» TASK
Every line from the line containing "Frame not included." through the final line below must be returned exactly, and no other line.

Extracted data entries
===
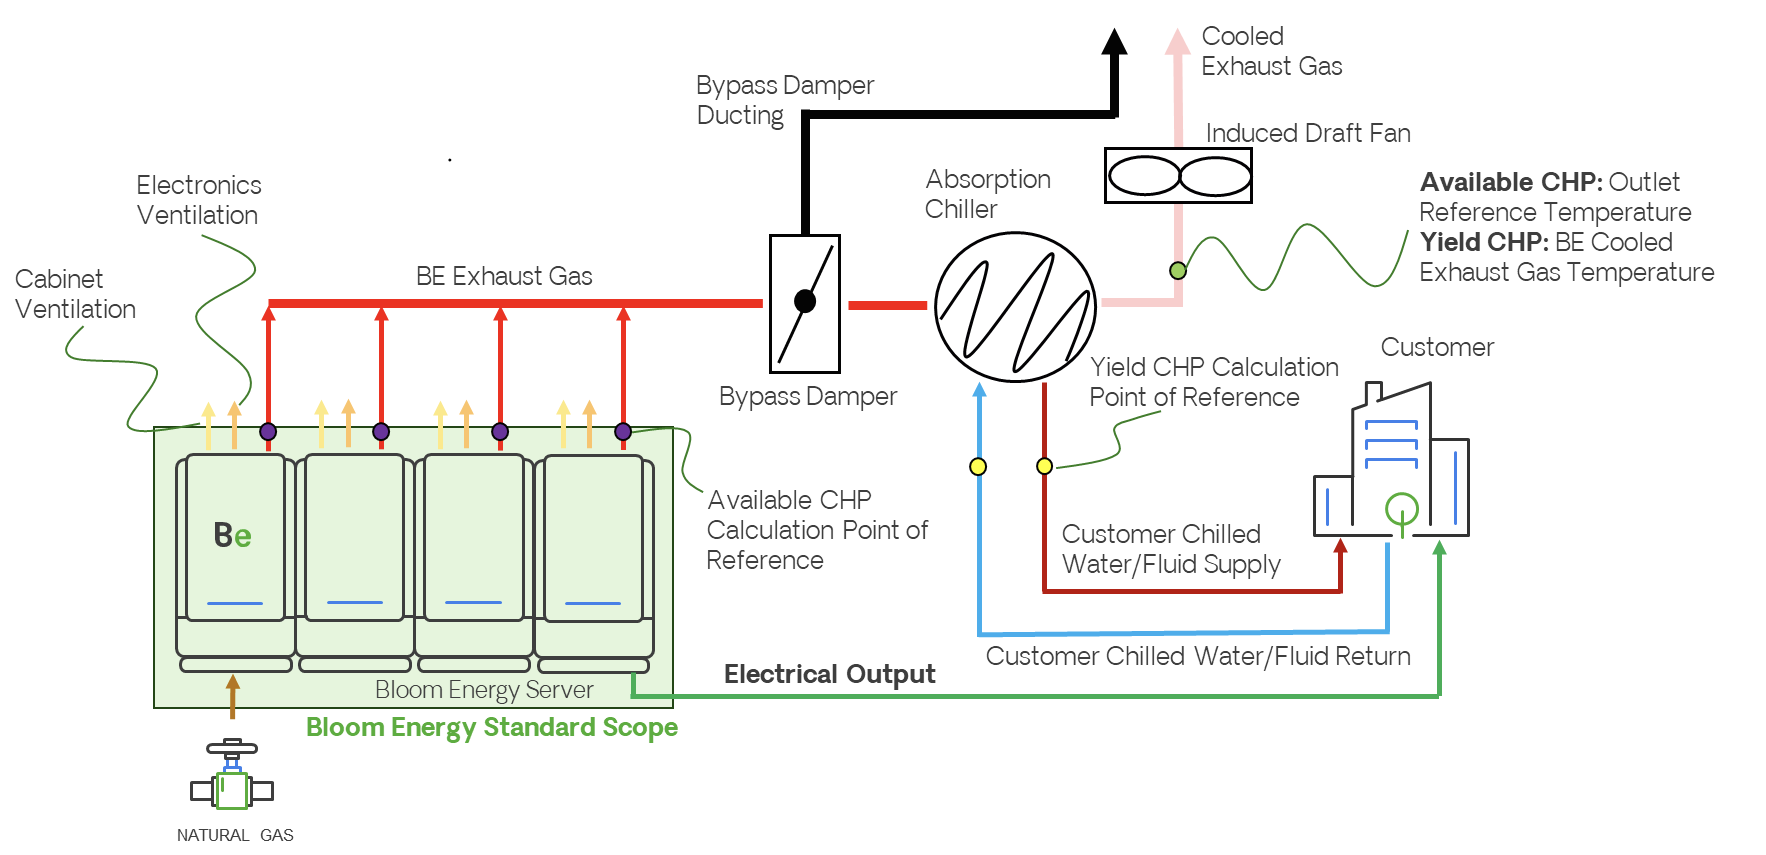 Typical Applications of Heat Capture Technology
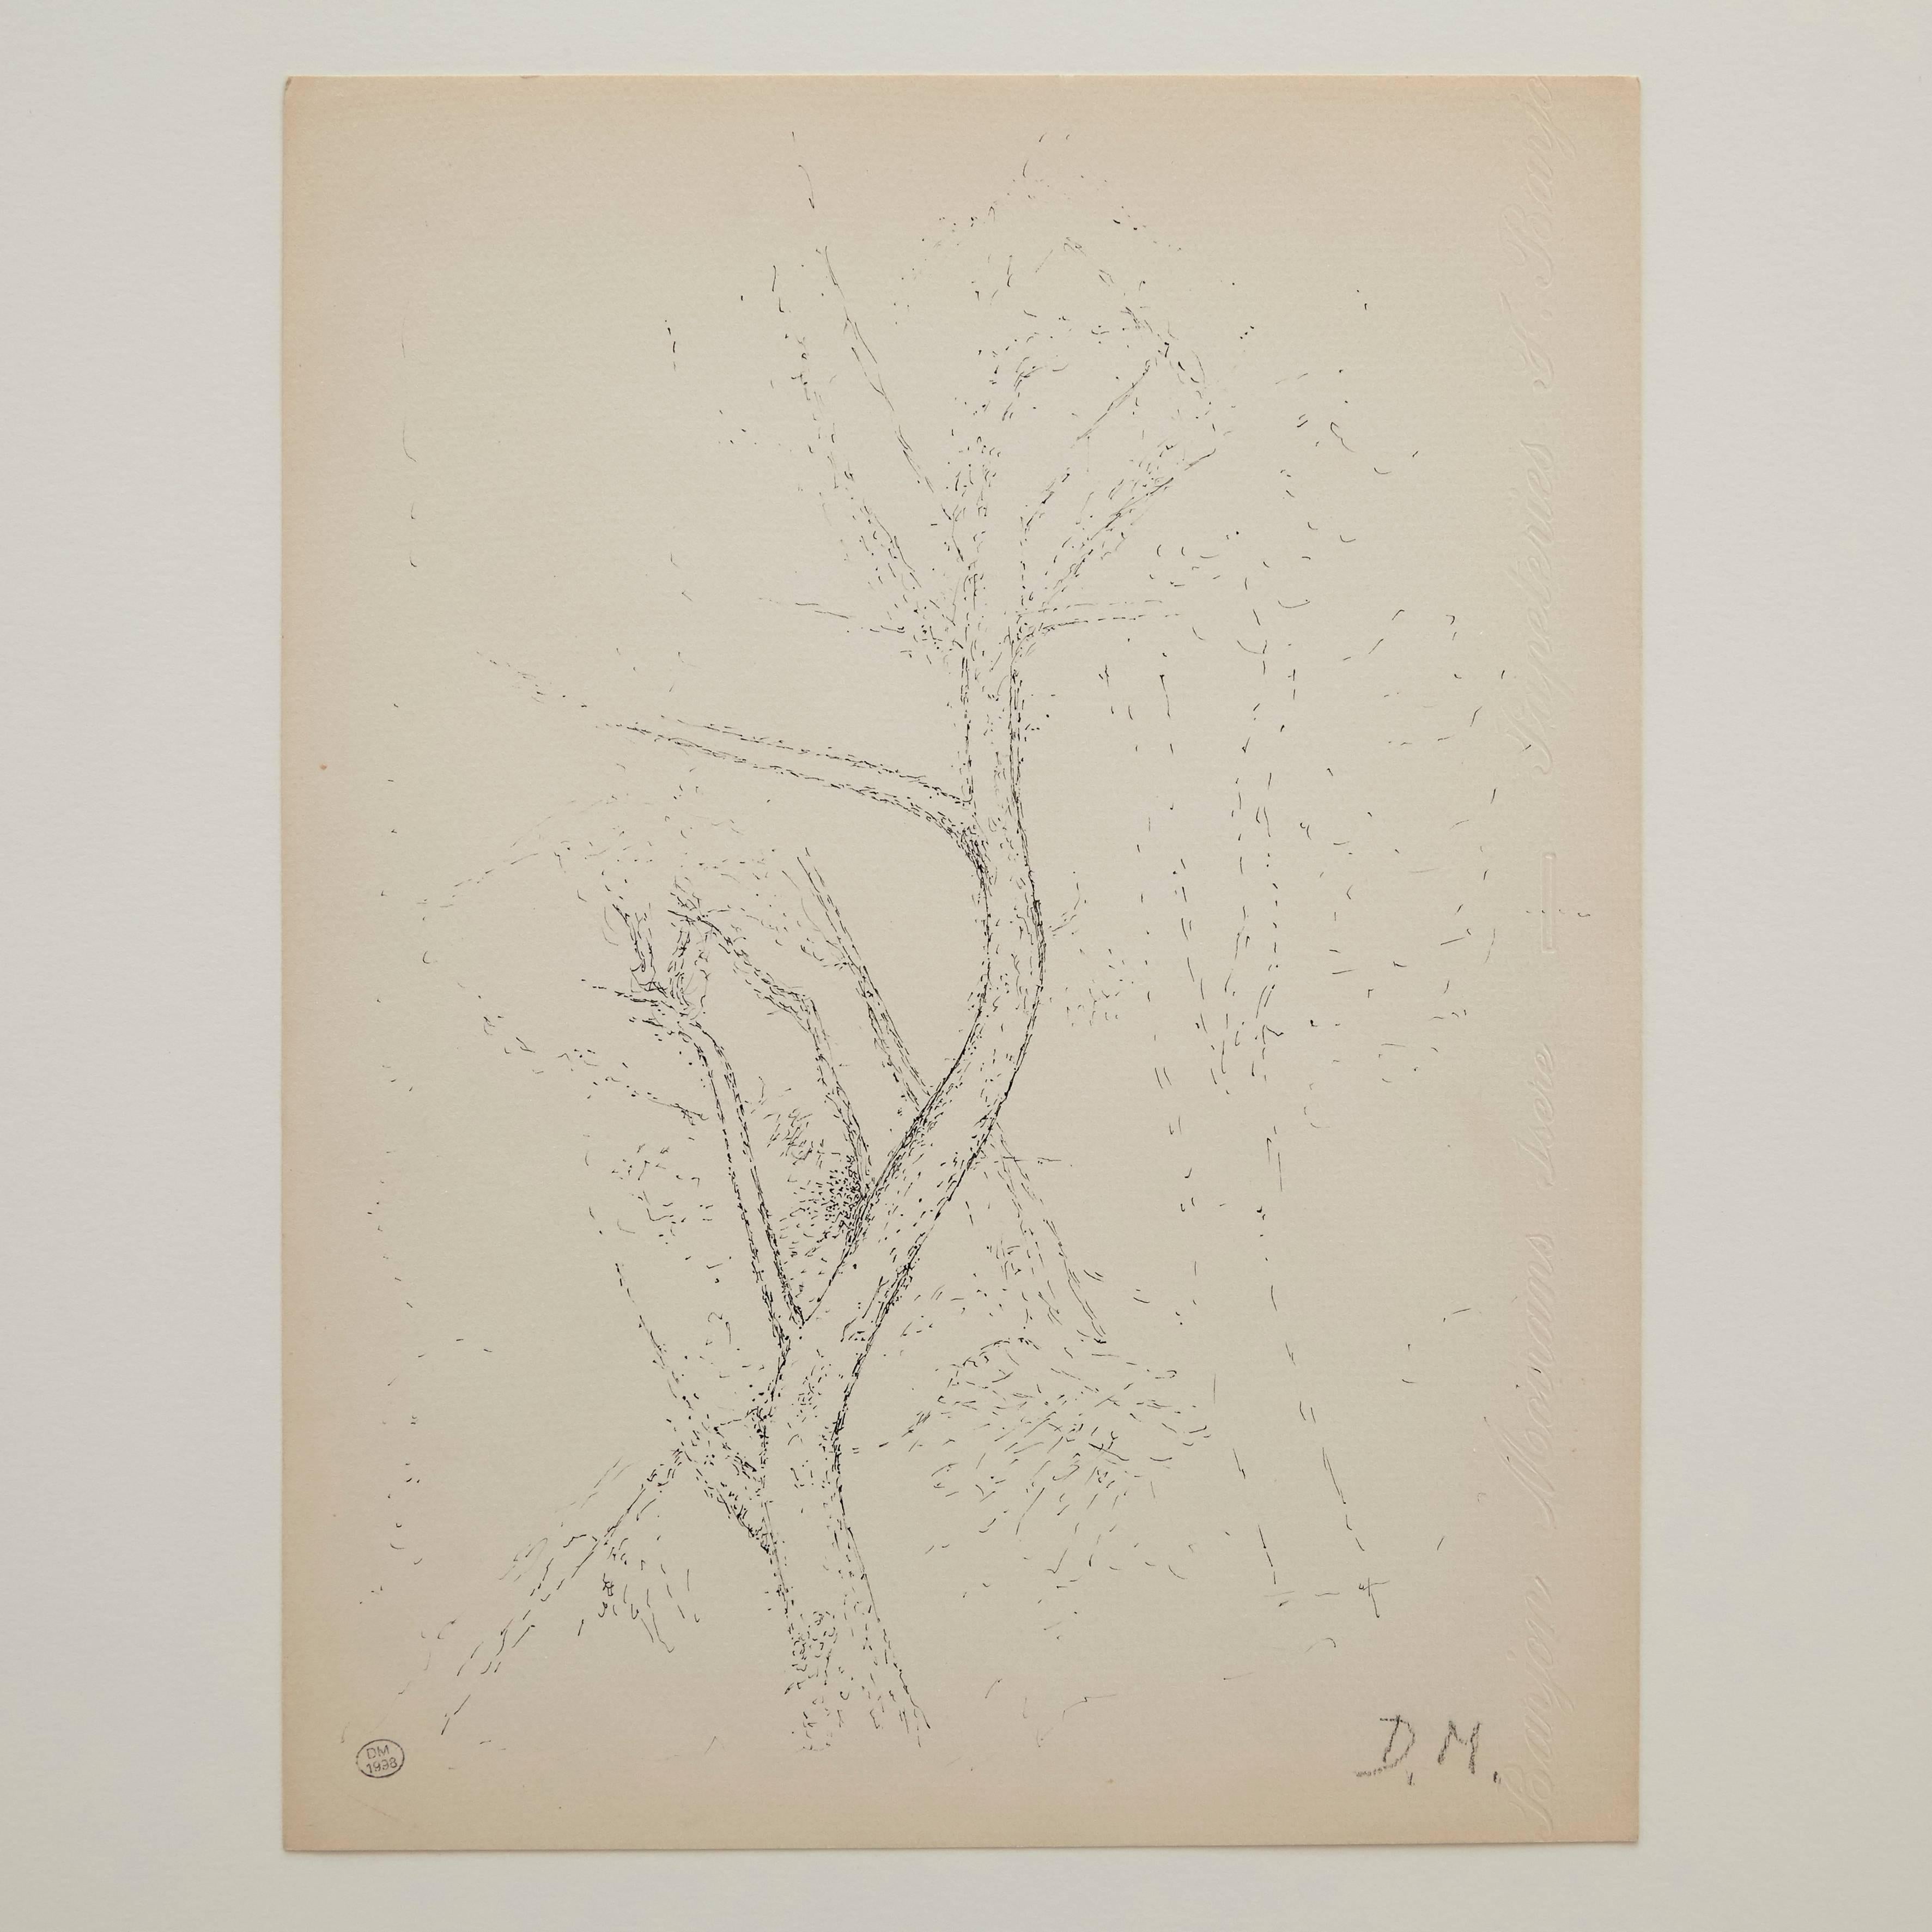 Pointillist composition by Dora Maar.

Authenticity stamp of the auction that took place in 1998 in Paris.
Black ink on cream white paper.
20th century, undated.
Frame not included.

In good original condition, with minor wear consistent with
===
» RESULT
Frame not included.

In good original condition, with minor wear consistent with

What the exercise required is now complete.